By Rev. Samuel Torvend
The Lent of my childhood was devoted to a sustained reflection on the suffering and death of Jesus of Nazareth -- forty days which drew us toward the Holy Cross of Good Friday. Indeed, forty days of thinking about the crucifixion seemed to balance fifty days of Easter rejoicing. Truth be told, such a focus during Lent emerged in the late Middle Ages (1350-1500) when European Christians desperately wanted to know that God shared with them the terrible suffering of the Black Plague and its ensuing social chaos. This intense focus on the suffering of Jesus seemed a source of solace for many. God is not aloof from our pain and bewilderment. God is with us in our suffering. Indeed, the Jesus of Mark’s gospel cries out in his death, My God, my God, why have you abandoned me? Is that not how many medieval Christians experienced life?
In the twentieth century, Christians began to see Lent in a new light, one that was recovered from the early church (50-600). Rather than focusing on human depravity and the terrible “price” of Jesus’ death, early Christians saw the Forty Days as a time of intense preparation for the Three Days: Maundy Thursday, Good Friday, and Holy Saturday/Resurrection Sunday. That is, they experienced Lent as a journey leading to the celebration of Christ’s dying and rising in the community of faith. Indeed, the Forty Days focused on the community’s preparation of people who would experience the dying and rising of baptism at the Easter Vigil and during the Fifty Days of Easter.
Yet the work of preparing those who would “die” to an old way and “rise” to a new way of living in the world prompted early Christians, and now contemporary Christians, to ask challenging questions: How have we ourselves been faithful to the baptismal covenant? What calls out for conversion or renewal in our lives so that we might more clearly and faithfully serve the reign of God among us? If late medieval Christians experienced Lent as a time to reflect on the power of personal sin and its forgiveness in the death of Jesus, early Christians experienced the Forty Days as a communal journey of renewal toward the Holy Washing and the Holy Meal – those places where Christians are born anew in the font and nourished with food and drink for courageous living in the world.

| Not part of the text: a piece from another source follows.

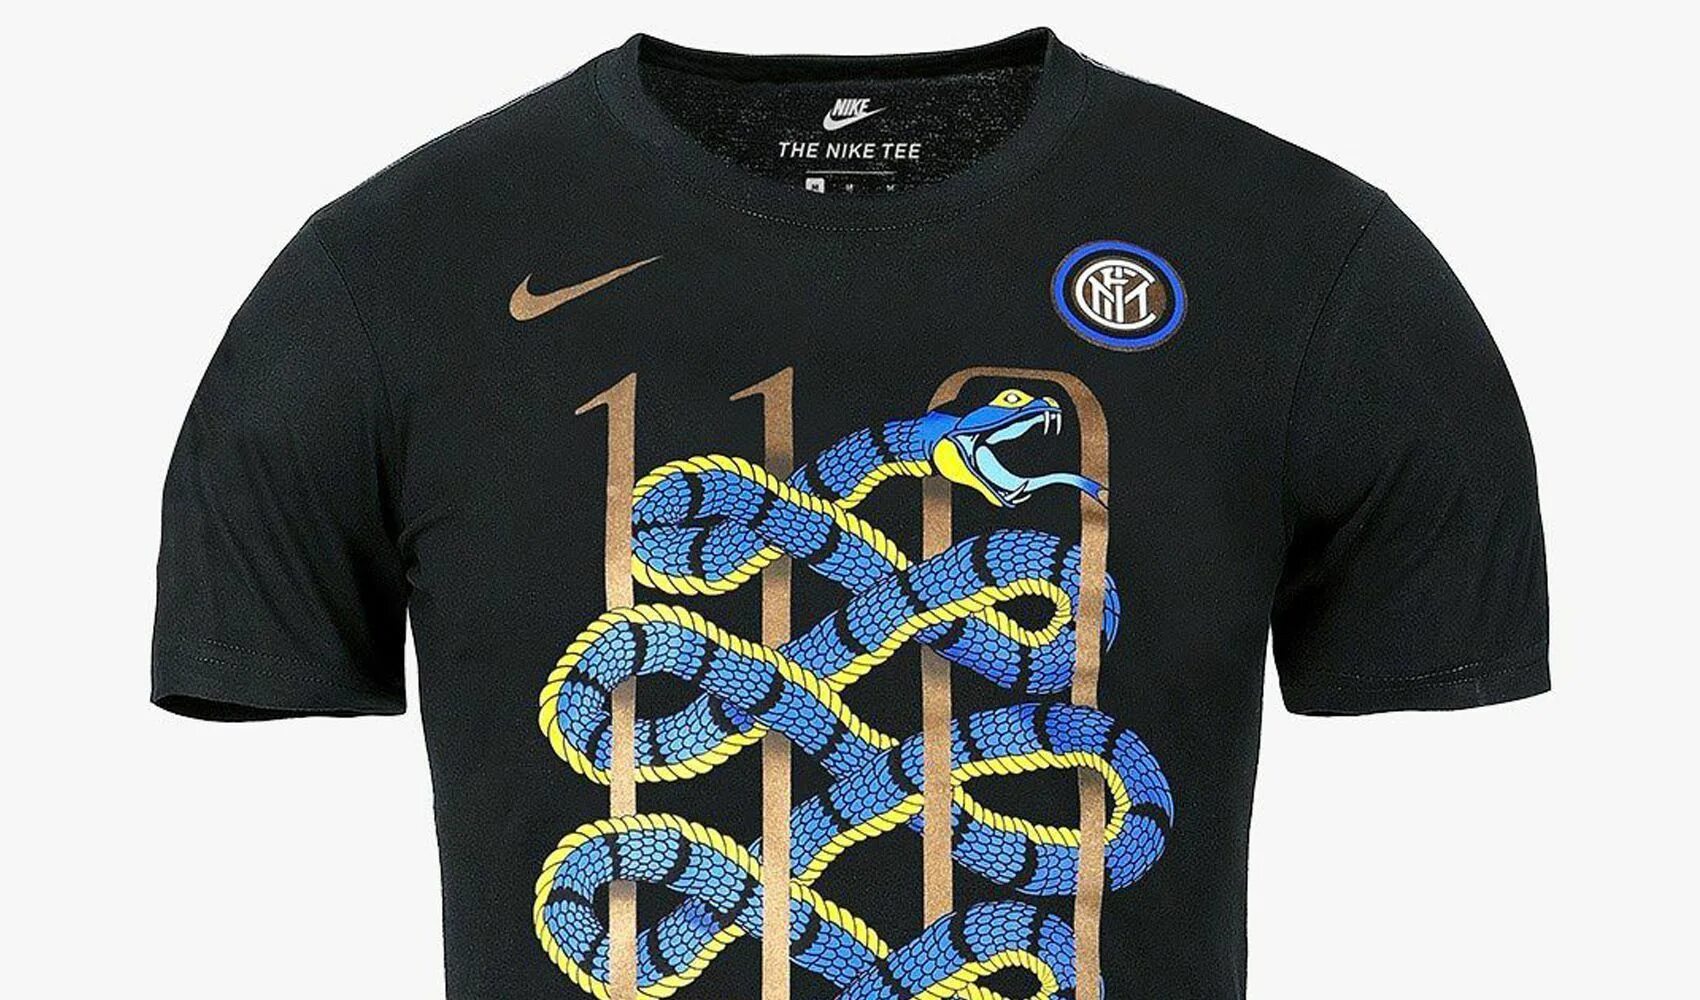 Inter t. Inter t Shirt. Футболка Inter. Inter t Shirt Beck. Nike Inter Milan футболка.

This early Christian emphasis is alive among us today as we consider the Forty Days a retreat – a time set aside – to prepare for Easter’s baptism and its renewal in our lives; a time to reflect seriously and patiently on the flow of God’s grace within us and our world; a time to ask if we might take a risk, a risk in our service to the reign of God’s justice, peace, and joy. During the Forty Days, I return to the questions asked of those about to be baptized and those who intend to renew the baptismal covenant: Will you seek and serve Christ in all persons? Will you strive for justice and peace among all people? Will you respect the dignity of every human being? I sometimes think that Forty Days are insufficient in length to think about and answer those challenging questions which push Christians from the sacred liturgy into the liturgy of living in the world. Perhaps it is good, then, that we have more than one Lent to return again and again to the questions and the mercy of God which surrounds our Lenten questioning.
Father Samuel Torvend is Associate to the Rector for Adult Formation at St. Paul's.
1 comment:
Amen. I had a five-month cathechumenate and was also dismissed before the eucharist with my sponsors. I was visibly prepared with the community, but also made to await its true essence on Easter.